Scientists at the Max Planck Institute have successfully isolated prehistoric human DNA from loose soil samples from Denisova Cave in Siberia, Russia. This is the first map showing when hominids used the cave in the past 300,000 years.
Earlier, a bone of a thirteen-year-old girl was found in the cave, which contains DNA from a Neanderthal father as well as genetic material from a mother Denisova. So a hybrid, or as Leyden archaeologist Wil Roebroeks puts it: “In fact, we are all garbage cans”.
Researcher Elena Zavala from the Max Planck Institute in Leipzig is leading the operation. Extracting human DNA from the soil is very difficult. Using the most modern machines and techniques, we have succeeded in isolating DNA from small pieces of soil. The soil contains microscopic fragments of urine, poo and bone particles.

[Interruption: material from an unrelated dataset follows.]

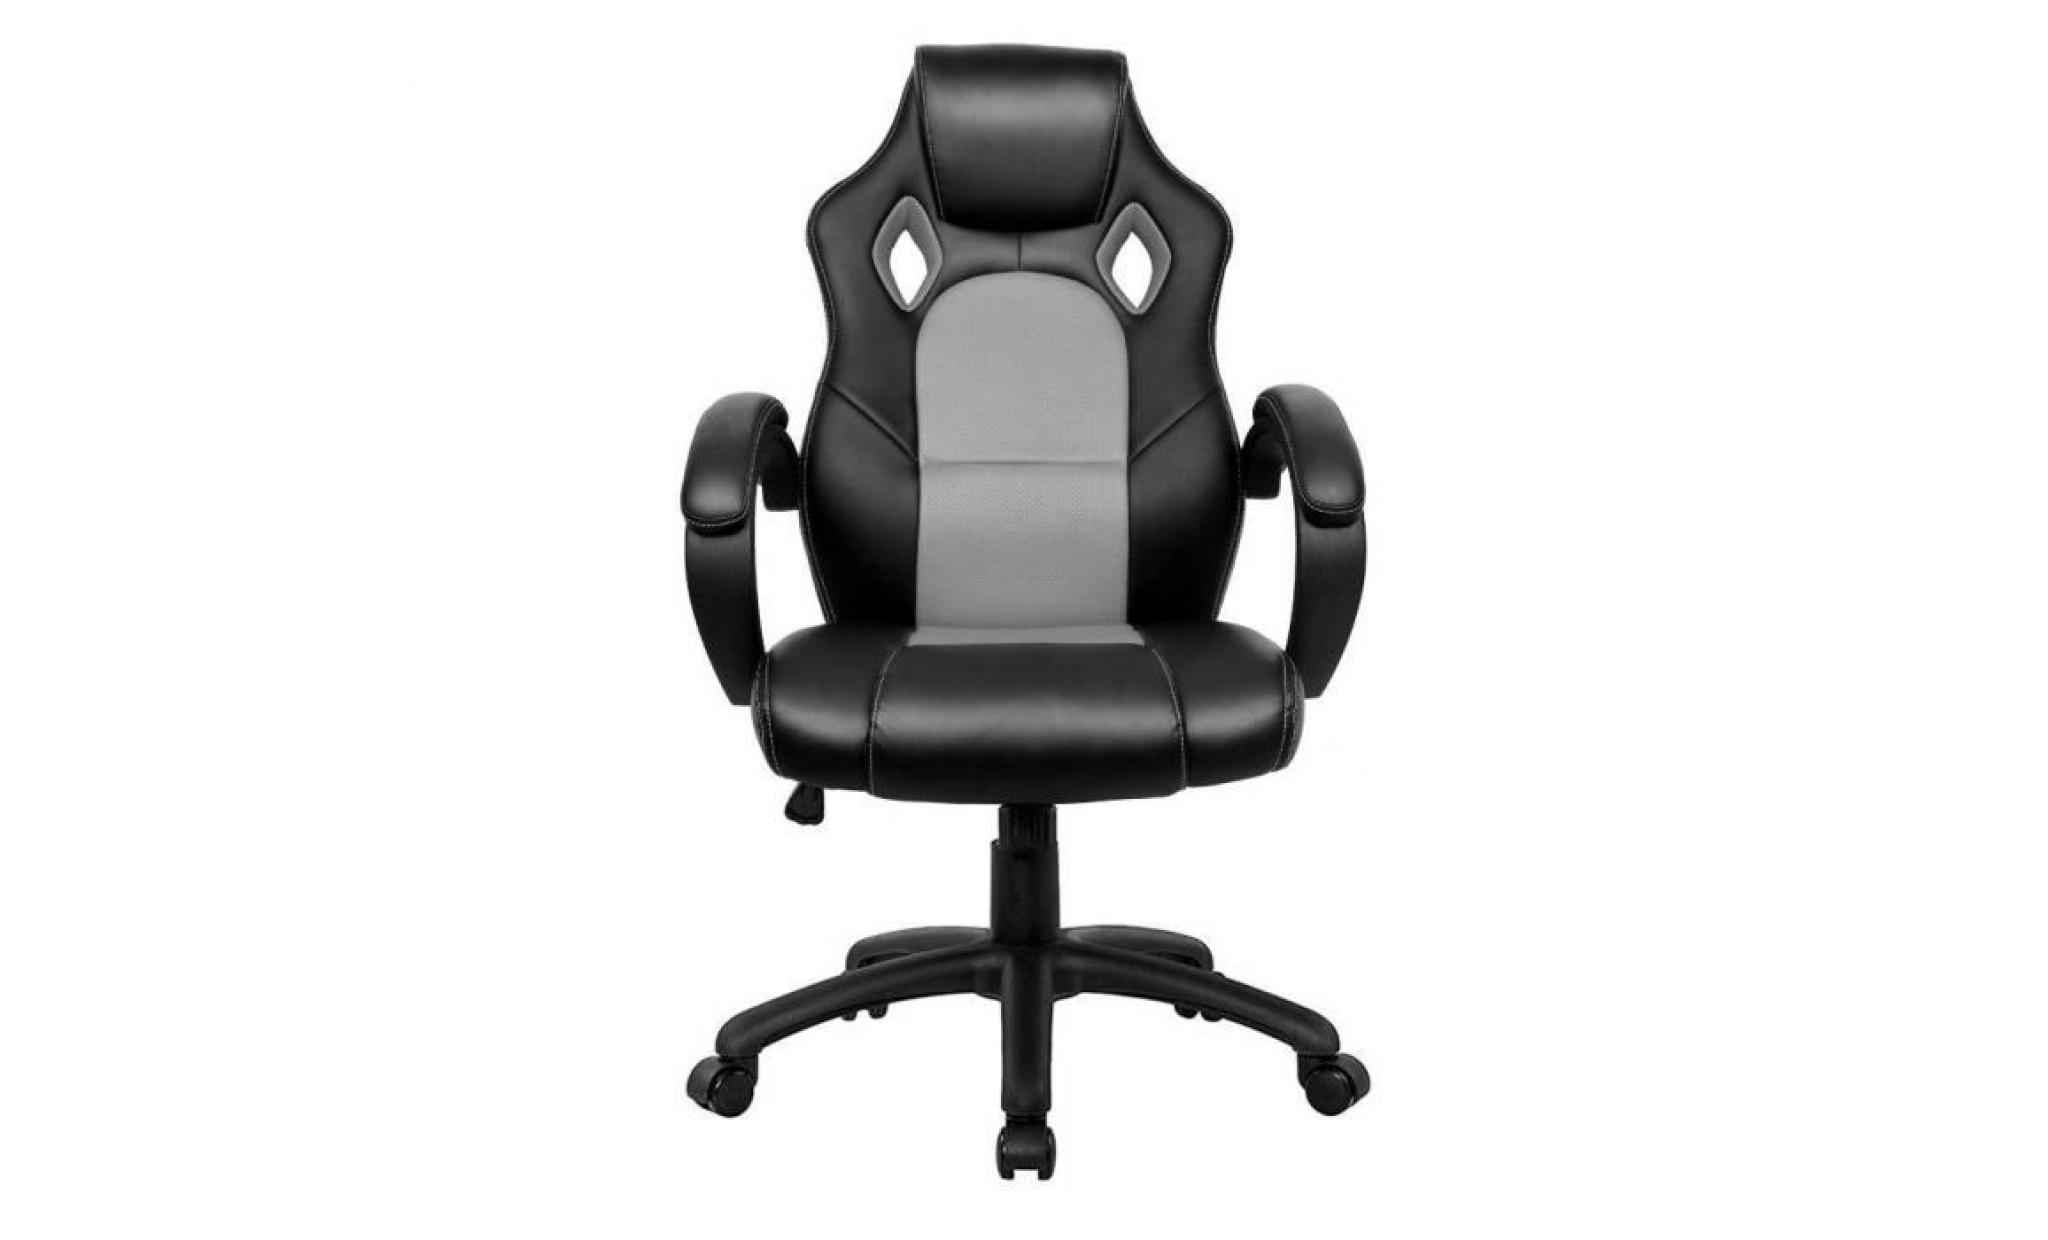 chaise de bureau gaming chaise   moderne confortable ergonomique en similicuir pu   hauteur réglable   gris   intimate wm heart pas cher

“We actually have some kind of magnet that captures the bits of DNA we want in the material soup,” Zavala explains.
Teaspoons of soil
The technology of harvesting human DNA from soil samples has a great future. Next week, a team of archaeologists will visit a cave in Dordogne, France, to trace how modern humans came to be in Europe. Was this a move to our regions or did new groups join early modern humans all the time? Since you don’t need skeletons to demonstrate human presence, just a teaspoon of soil, the expectations are high.
Either way, scientists will be busy for decades analyzing data from Denisova Cave. Archaeologist Wil Roebroek: “My profession is much more fun than forty years ago.